> [Task to complete]: Retype the data below exactly; skip every image.

> [Dataset section]:

-*-

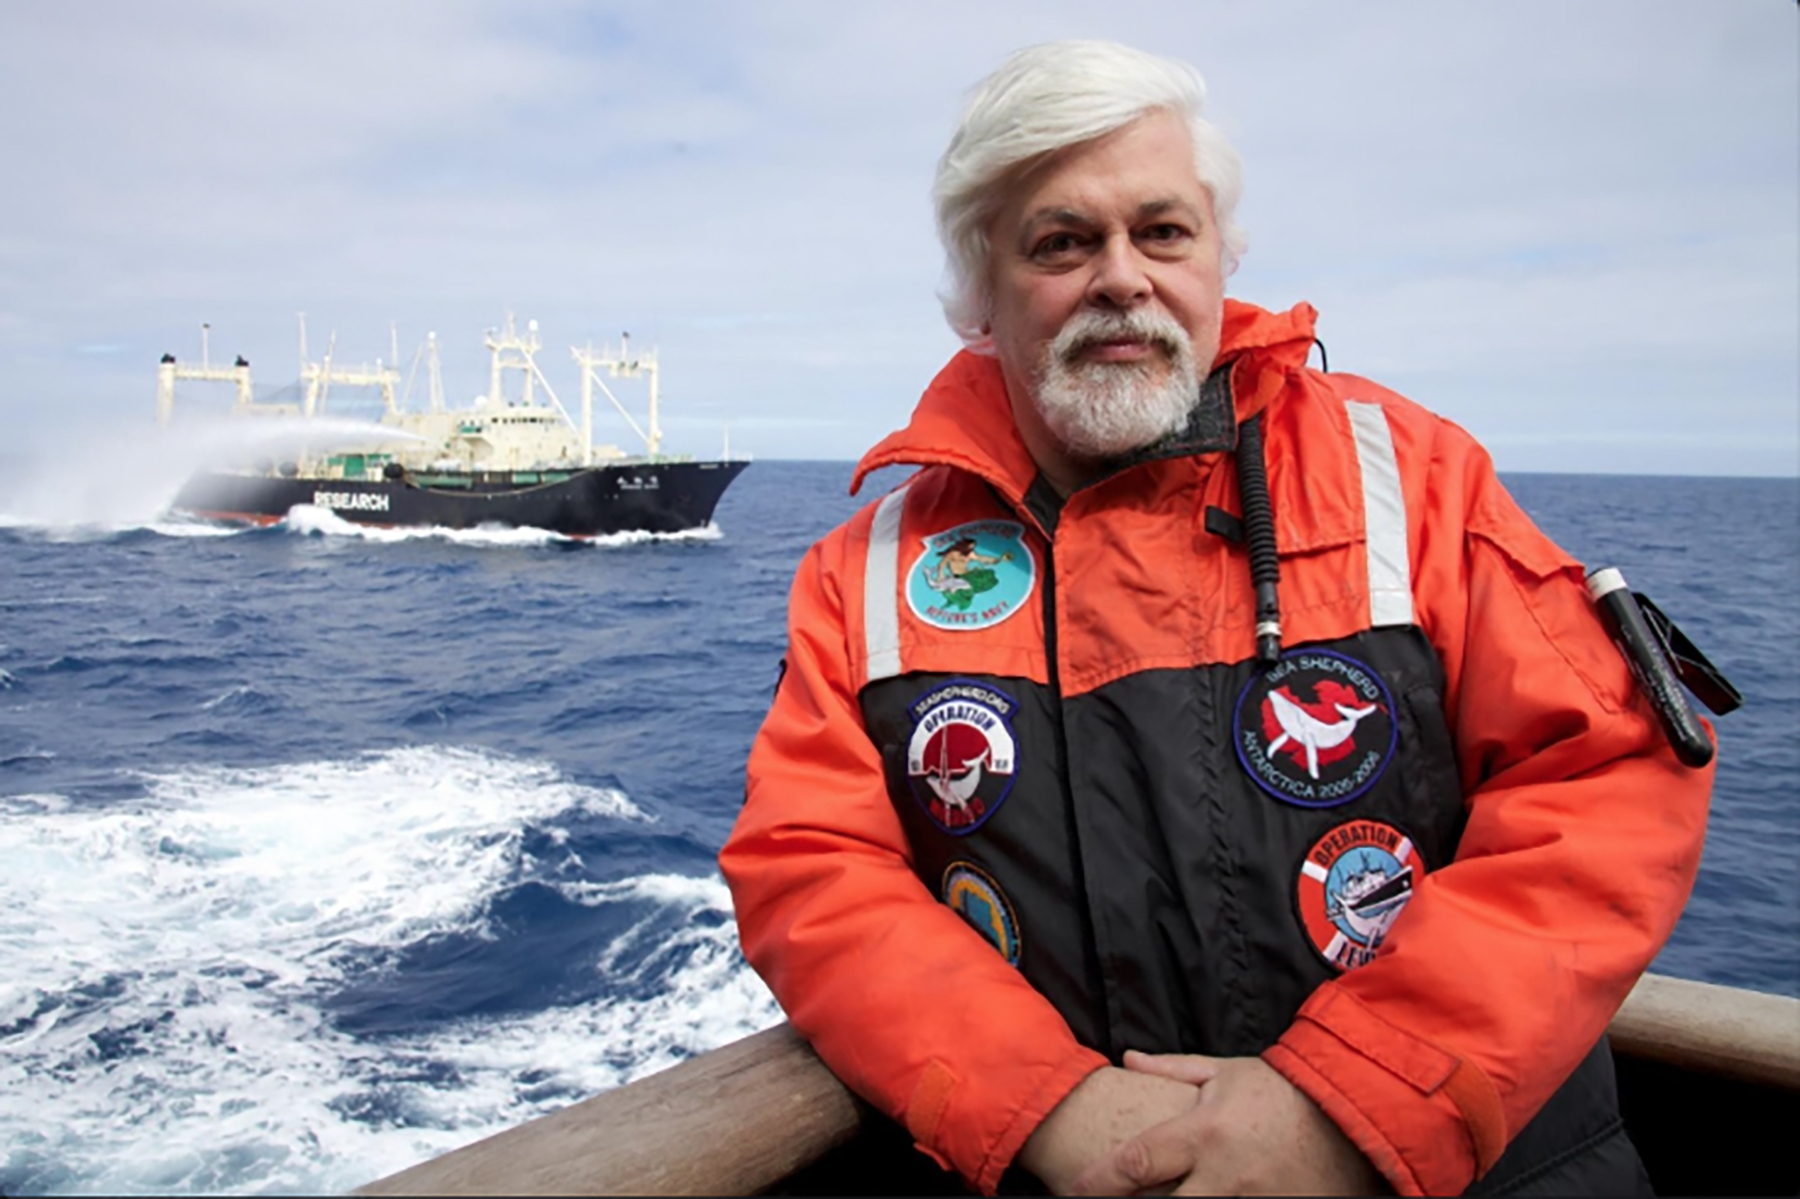 “Watson” is a documentary about Captain Paul Watson, the renegade founder of the Sea Shepherd Conservation Society and a co-founder of Greenpeace.
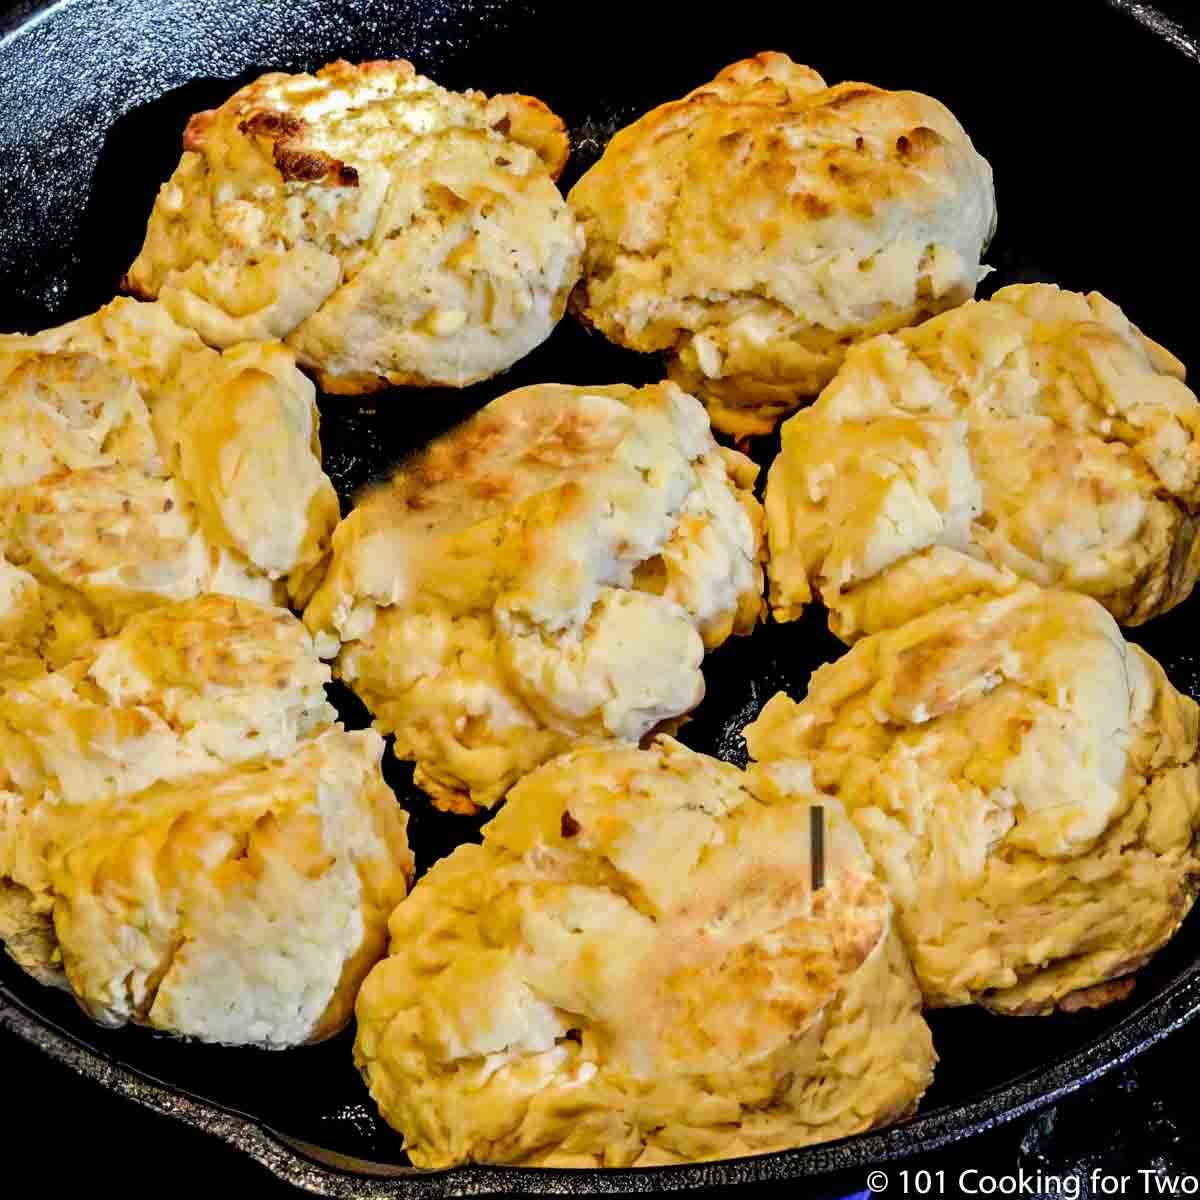 grill biscuits in a cast iron skillet.
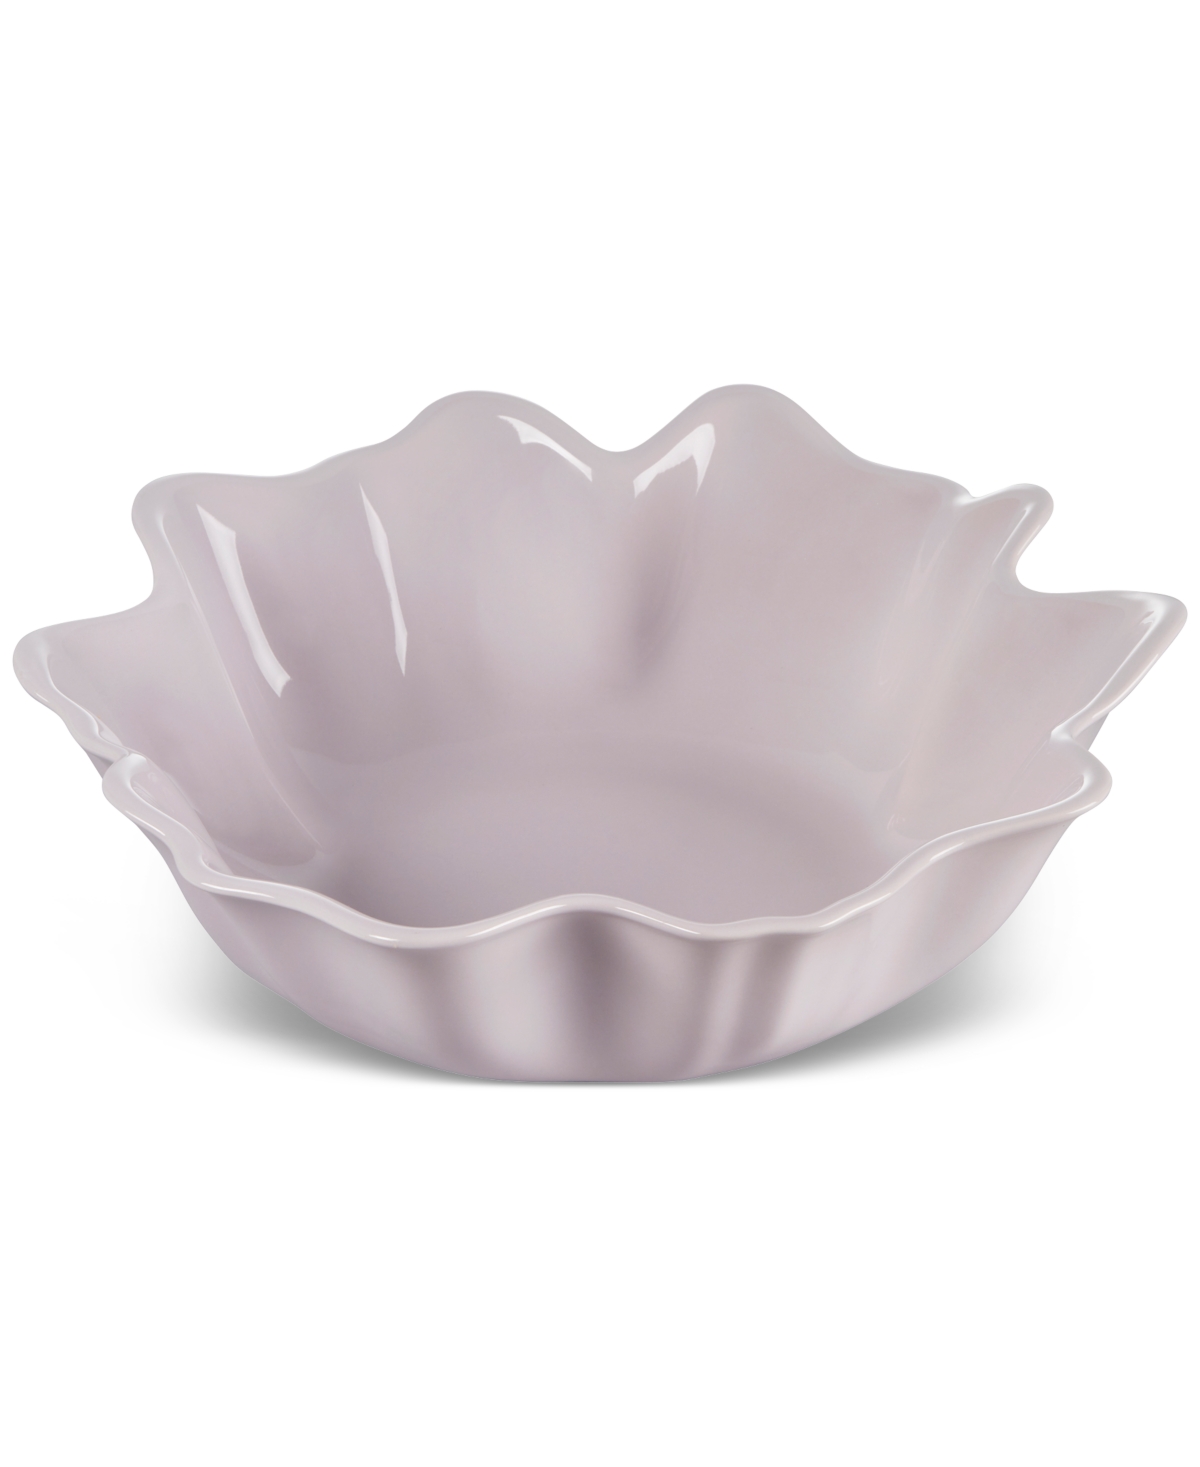 Iris Collection Stoneware Serving Bowl - Shell Pink

-*-

> [Response area]:
 “Watson” is a documentary about Captain Paul Watson, the renegade founder of the Sea Shepherd Conservation Society and a co-founder of Greenpeace.
 grill biscuits in a cast iron skillet.
 Iris Collection Stoneware Serving Bowl - Shell Pink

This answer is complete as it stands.